In the 2014 and 2018 breeding panels with all the lines, when 10% of the resistant lines were selected, we observed that the mean percentage of lines that were not selected by GS and PS were 93.3 ± 1.7% in within-panel predictions and 91.8 ± 0.4% in across-panel predictions (Fig. 6). Similarly, the mean percentage of lines that were selected by both GS and PS were 39.5 ± 14.9% in within breeding panel predictions and 25.7 ± 3.4% in across breeding panel predictions. In the 2014 and 2018 breeding panels with subsets of lines, we observed that the mean percentage of lines that were not selected using both GS and PS were 92.4 ± 1.3% and 91.2 ± 0.4% in within and across panel predictions, respectively. Similarly, the mean percentage of lines that were selected using GS and PS in the breeding panels subsets were 31.2 ± 12% and 20.9 ± 3.7% in within and across panel predictions, respectively.

Fig. 6
figure 6

Comparison of phenotypic selection (PS) for spot blotch using the relative area under the disease progress curve (rAUDPC) values with genomic selection (GS) using the genomic estimated breeding values (GEBVs) obtained from the genomic best-linear unbiased prediction model in the breeding panels and subsets, for both within and across panel predictions. Among the lines that were discarded by PS, the percentages of lines that were not selected by GS and PS among the discarded lines are given in red boxes and the percentages of lines that were selected by GS only are given in orange boxes. Among the lines that were selected by PS, the percentages of lines that were selected by GS and PS are given in green boxes and the percentages of lines that were selected by PS only are given in blue boxes

Furthermore, we also compared PS with GS, when the top 20%, 30%, 40% and 50% of the resistant lines were selected in the 2014 and 2018 breeding panels with all the lines. We observed that in within-panel predictions, the mean percentages of lines that were not selected by GS and PS were 86.4 ± 1.5%, 80 ± 3.03%, 74.1 ± 5.1% and 70 ± 5.3% when selecting the top 20%, 30%, 40% and 50% of the resistant lines, respectively. Similarly, in across-panel predictions, the mean percentages of lines that were not selected by GS and PS were 83.6 ± 1.2%, 76.2 ± 2.8%, 68.8 ± 4.7% and 60.5 ± 5.1%, when selecting the top 20%, 30%, 40% and 50% of the resistant lines, respectively. We also observed that in within-panel predictions, the mean percentages of lines that were selected by GS and PS were 45.5% ± 5.7%, 53 ± 7.2%, 61.2 ± 7.6% and 70 ± 5.3%, when the top 20%, 30%, 40% and 50% of the resistant lines were selected, respectively. In across-panel predictions, the mean percentages of lines that were selected by GS and PS were 34.2 ± 4.6%, 44.5 ± 6.6%, 53.3 ± 7% and 60.3 ± 5.2%, when the top 20%, 30%, 40% and 50% of the resistant lines were selected, respectively.

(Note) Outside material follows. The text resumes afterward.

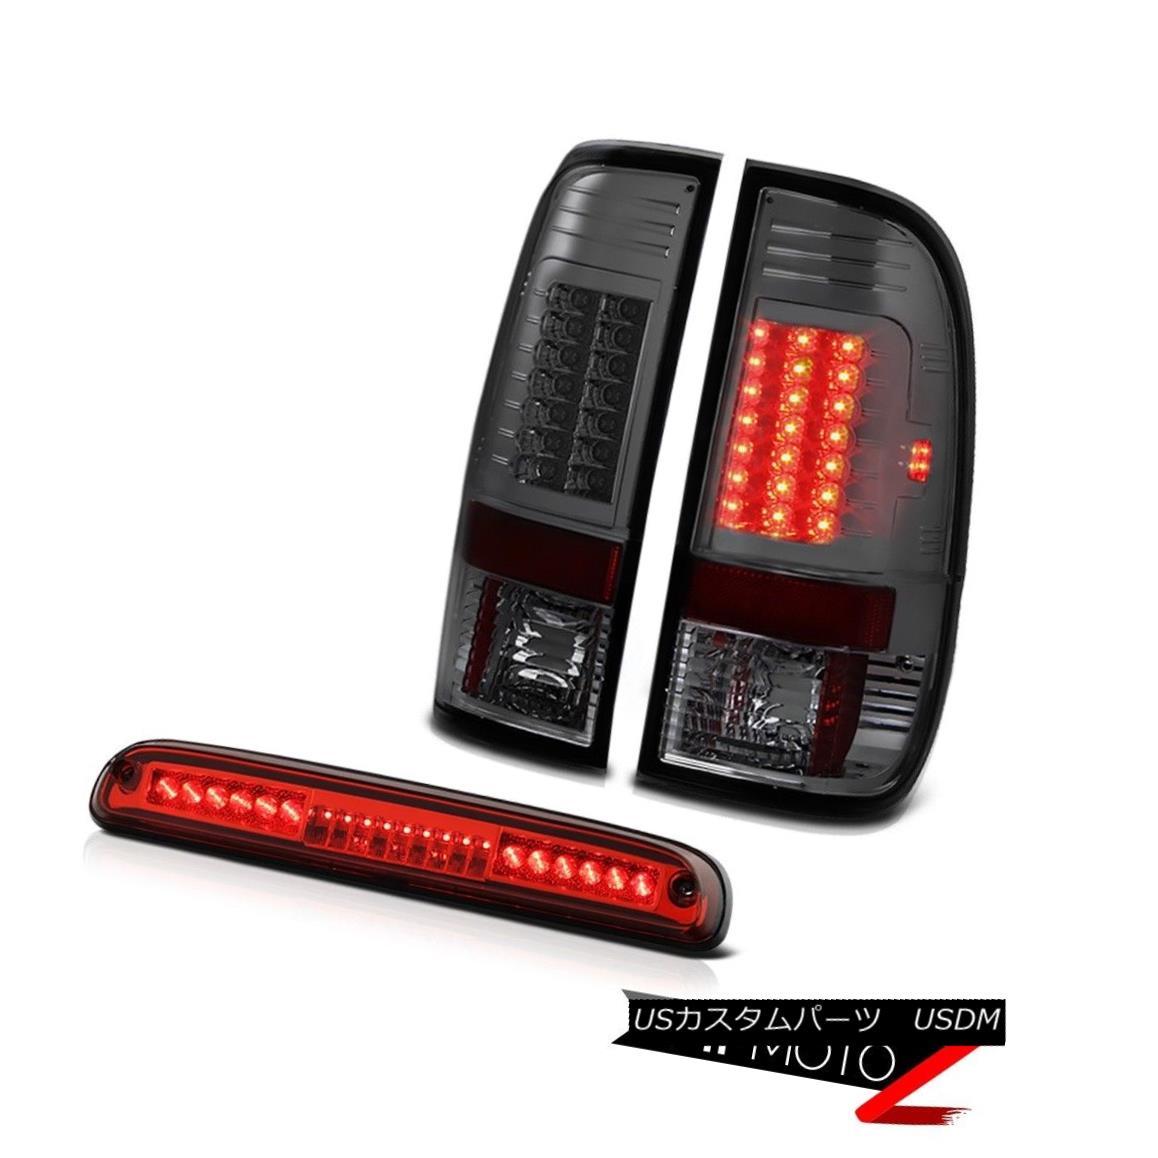 テールライト 99 00 01 02 0304 F250 6.8L Smoke Parking Tail Light Roof Third Brake LED Red 99 00 01 02 0304 F250 6.8Lスモークパーキングテールライトルーフ第3ブレーキLEDレッド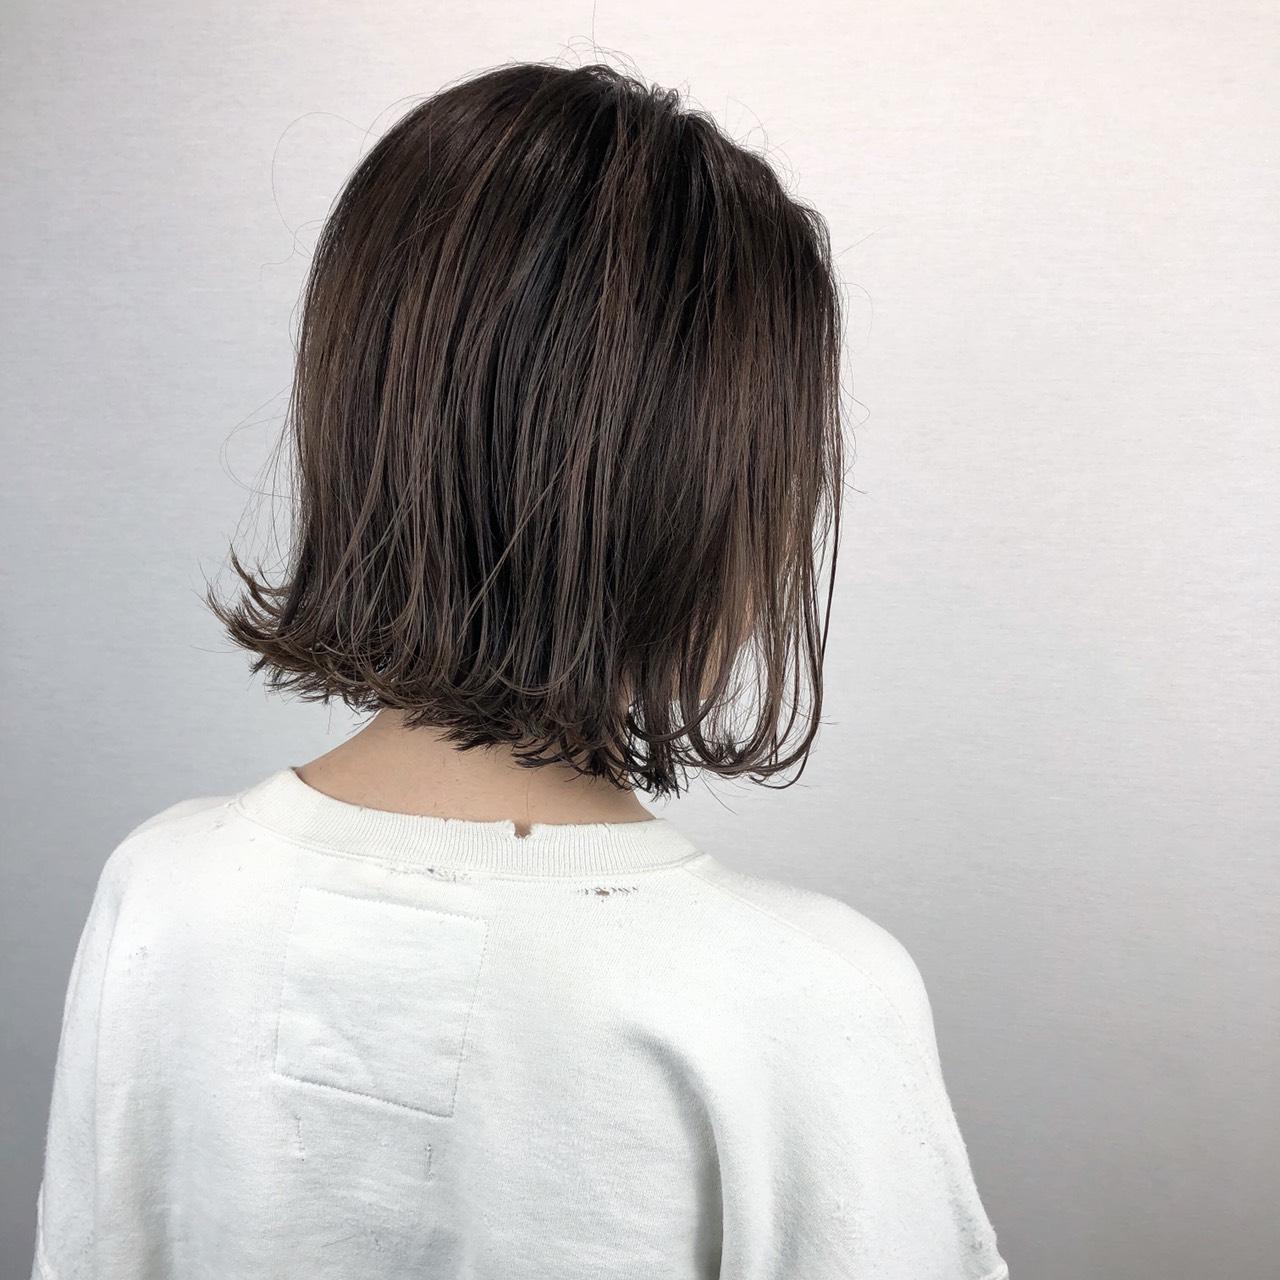 オーガニックにこだわり、頭皮・髪にもやさしいカラーです。大人世代のファン多数☆

Comparison of phenotypic and genomic selection for spot blotch in the full-sibs and half-sibs panels

In predictions within full-sibs panels, we observed that the mean percentage of lines that were not selected by GS and PS were 92.4 ± 1.2% (Fig. 7). In predictions across half-sibs panels, we observed that the mean percentage of lines that were not selected by GS and PS were 92 ± 0.93%. The mean percentage of lines that were selected by both GS and PS were 32.6 ± 11.5% in within full-sibs panels predictions and 28.3 ± 9.1% in across half-sibs panels predictions.

Fig. 7
figure 7

Comparison of phenotypic selection (PS) for spot blotch using the relative area under the disease progress curve (rAUDPC) values with genomic selection (GS) using the genomic estimated breeding values (GEBVs) obtained from the genomic best-linear unbiased prediction model in predictions within full-sibs panels and across-half sibs panels. BC refers to the Bartai x Ciano T79 population, CC refers to the Cascabel x Ciano T79 population, KC refers to the Kath x Ciano T79 population and WC refers to the Wuya x Ciano T79 population. Among the lines that were discarded by PS, the percentages of lines that were not selected by GS and PS among the discarded lines are given in red boxes and the percentages of lines that were selected by GS only are given in orange boxes. Among the lines that were selected by PS, the percentages of lines that were selected by GS and PS are given in green boxes and the percentages of lines that were selected by PS only are given in blue boxes

Selection indices for spot blotch, days to heading and plant height in half-sibs

The mean of all half-sibs, mean of selected 10% of half-sibs, selection differential and the expected genetic gain for 10% selected half-sibs are shown in Table 1. The selection differential for the spot blotch rAUDPC values ranged between − 18 (LPSI w′ = [− 1 − 1 − 0.8 − 0.8]) and − 19.2 (LPSI w′ = [− 1 − 1 − 0.2 − 0.2]), while the expected genetic gain for 10% selection ranged between − 18 (LPSI w′ = [− 1 − 1 − 0.8 − 0.8]) and − 21 (LPSI w′ = [− 1 − 1 − 0.2 − 0.2]). This indicated that a higher expected genetic gain for spot blotch rAUDPC values could be obtained with the lowest weights on days to heading and plant height (− 0.2). However, we also observed that an increase in emphasis on days to heading and plant height was inversely related to the expected genetic gain for spot blotch rAUDPC values.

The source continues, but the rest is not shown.